Build a home, build a community, build HOPE. Hope is a first person, world and community building roleplaying game. Set in the junkpunk world of EverSky, where people live on flying structures known as "rigs". Your role is to help build the community on a rig called "Hope", using a wide variety of tools. You will build, enhance and maintain the rig, whilst trading, crafting and socializing with the rigs inhabitants.
Working on a new language to implement the character AI for the game.
Posted by zoombapup on May 5th, 2013
While I've been working on trade and tradeship movement this past week or so, I've also started to work on the design of a language I'm calling DABL (which stands for digital actor behavior language).
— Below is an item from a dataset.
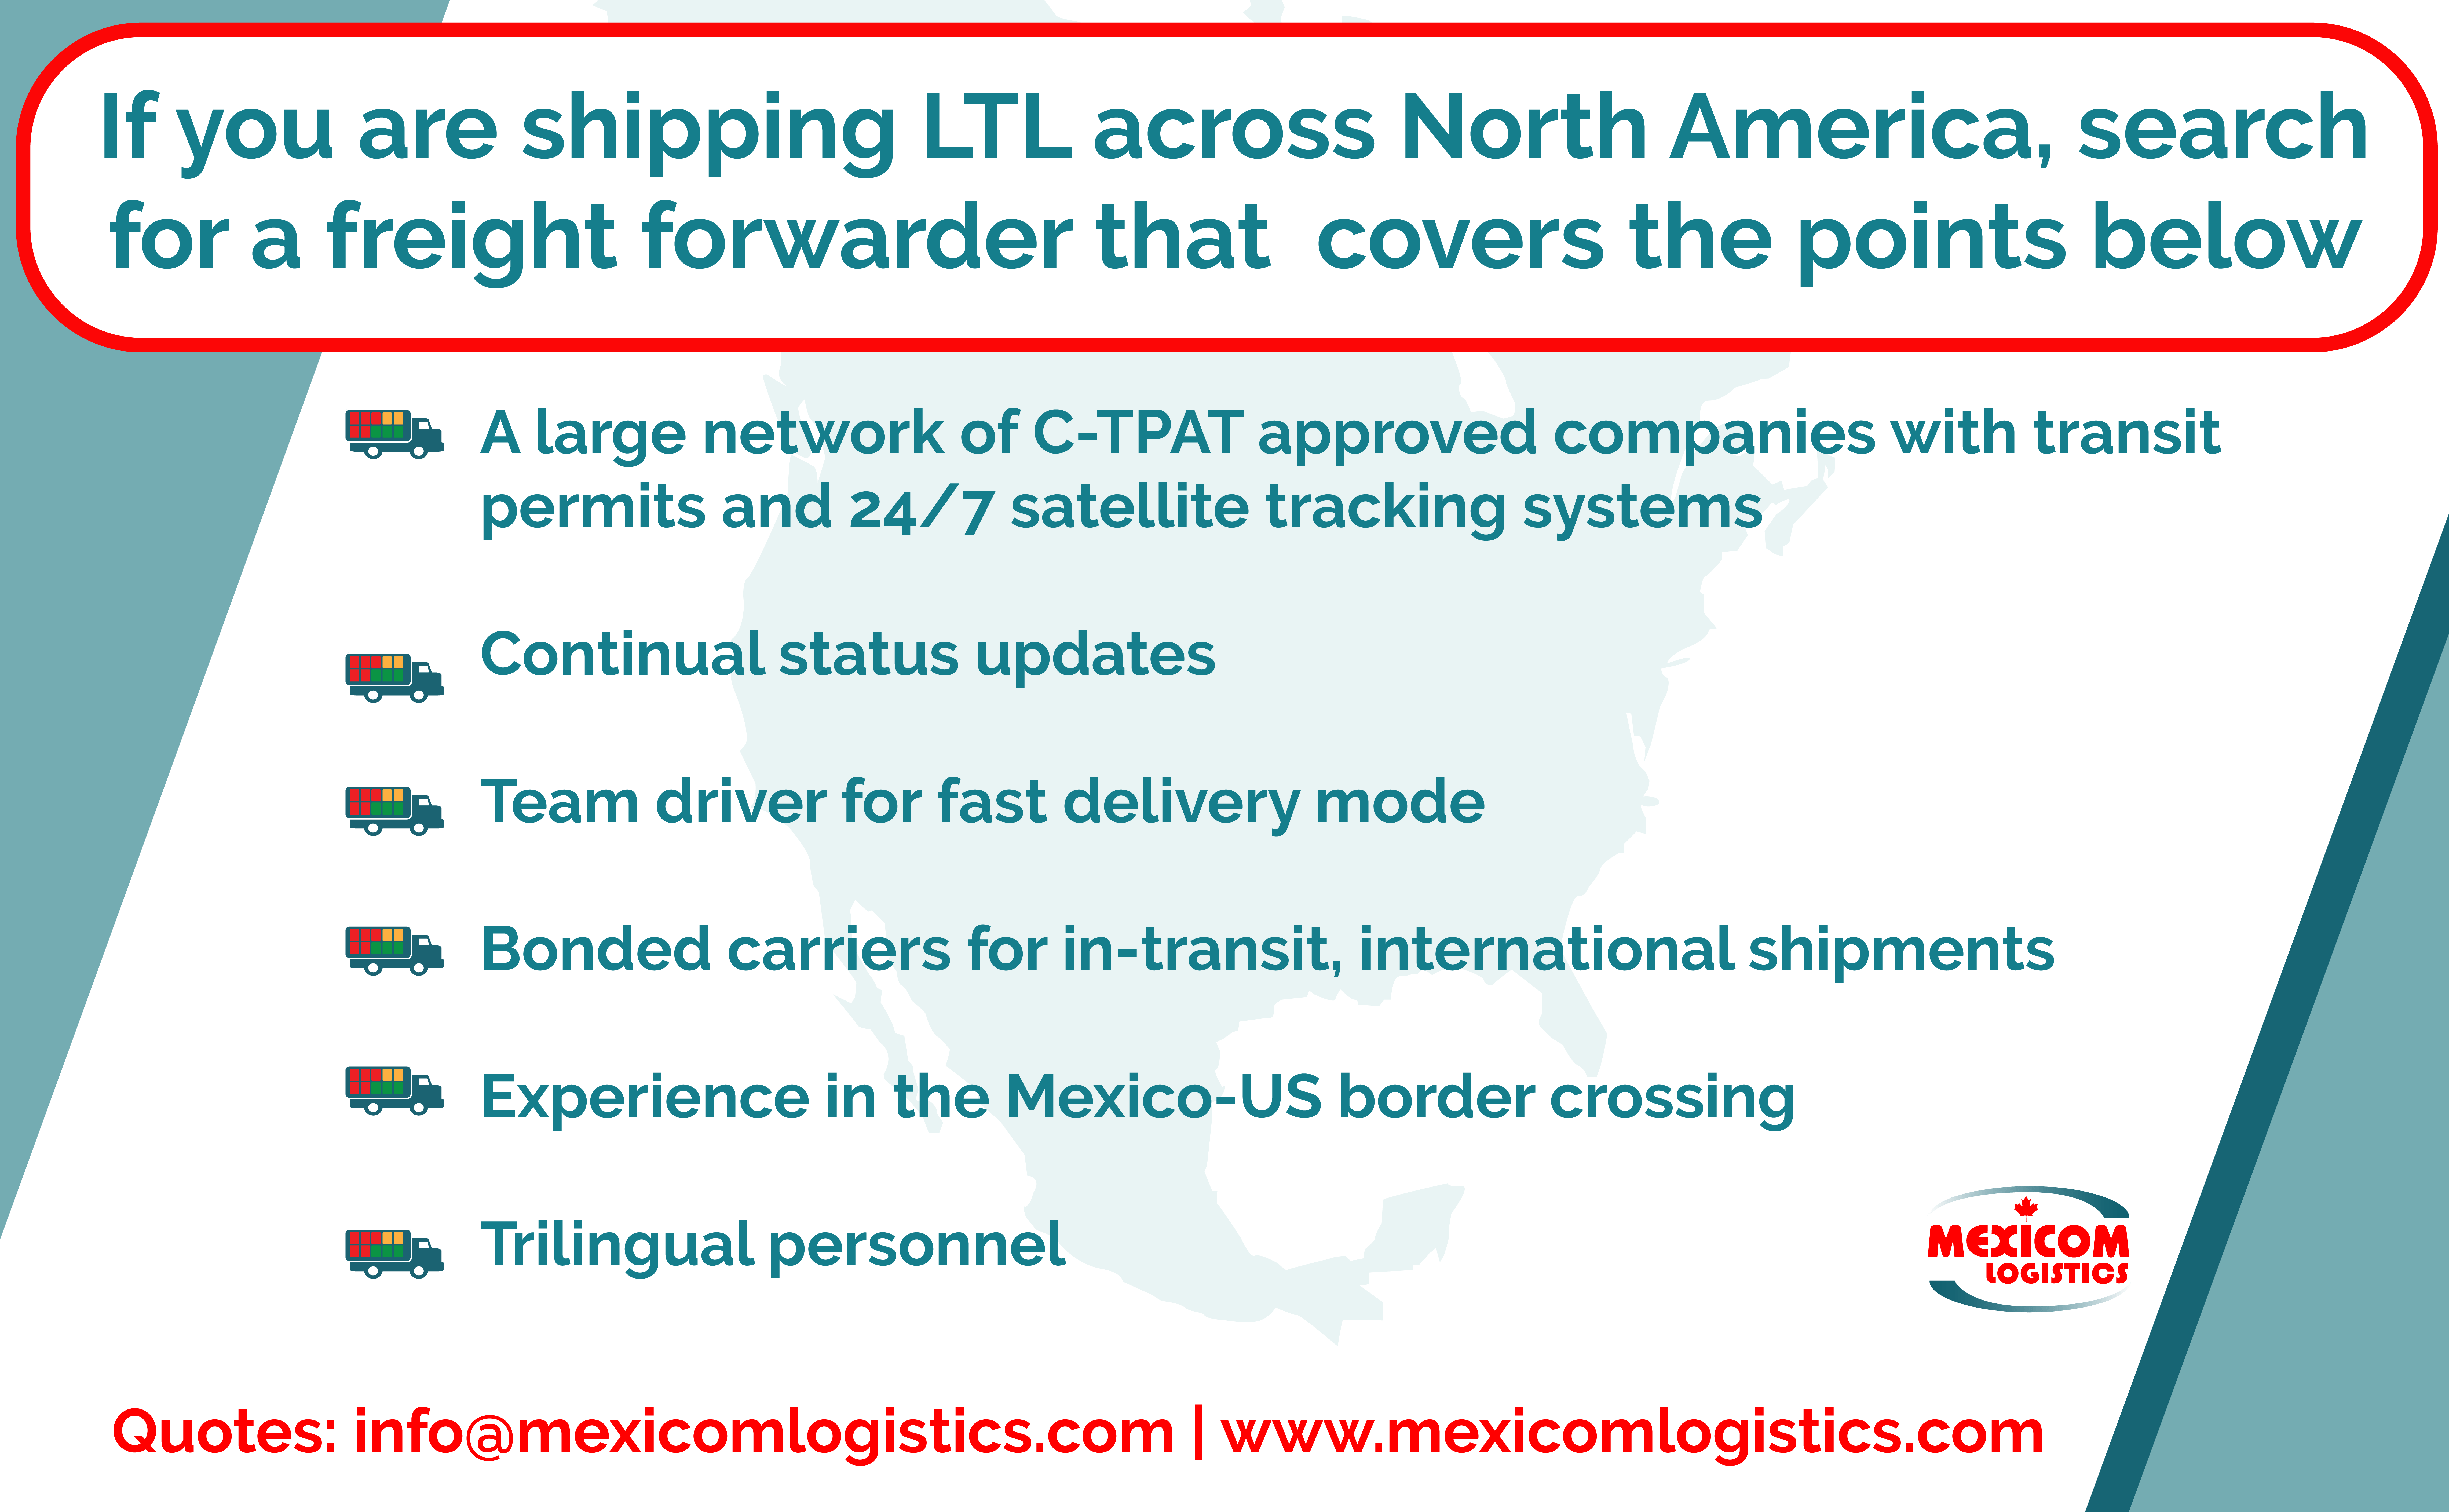 choosing a freight forwarder for LTL shipments in North America

DABL is going to be the tool I use for specifying the behavior for all the AI characters you'll spend time with in the game. The reason I'm working on DABL is to allow me to experiment a little on ways to speed up my productivity as an AI character programmer. DABL will be a "structured language", what we call in AI circles a DSL (which is short for domain specific language). I'm not new to DSL's for AI, having worked on Storybricks (www.storybricks.com) which was an AI language based around MIT's language SCRATCH. Scratch was a block based language, which is great for teaching as it enforces structure. Structured languages are useful in this context because they allow you to more easily constrain syntax issues. Essentially you can't get the language wrong because the tools will not let you, hence the term "structured".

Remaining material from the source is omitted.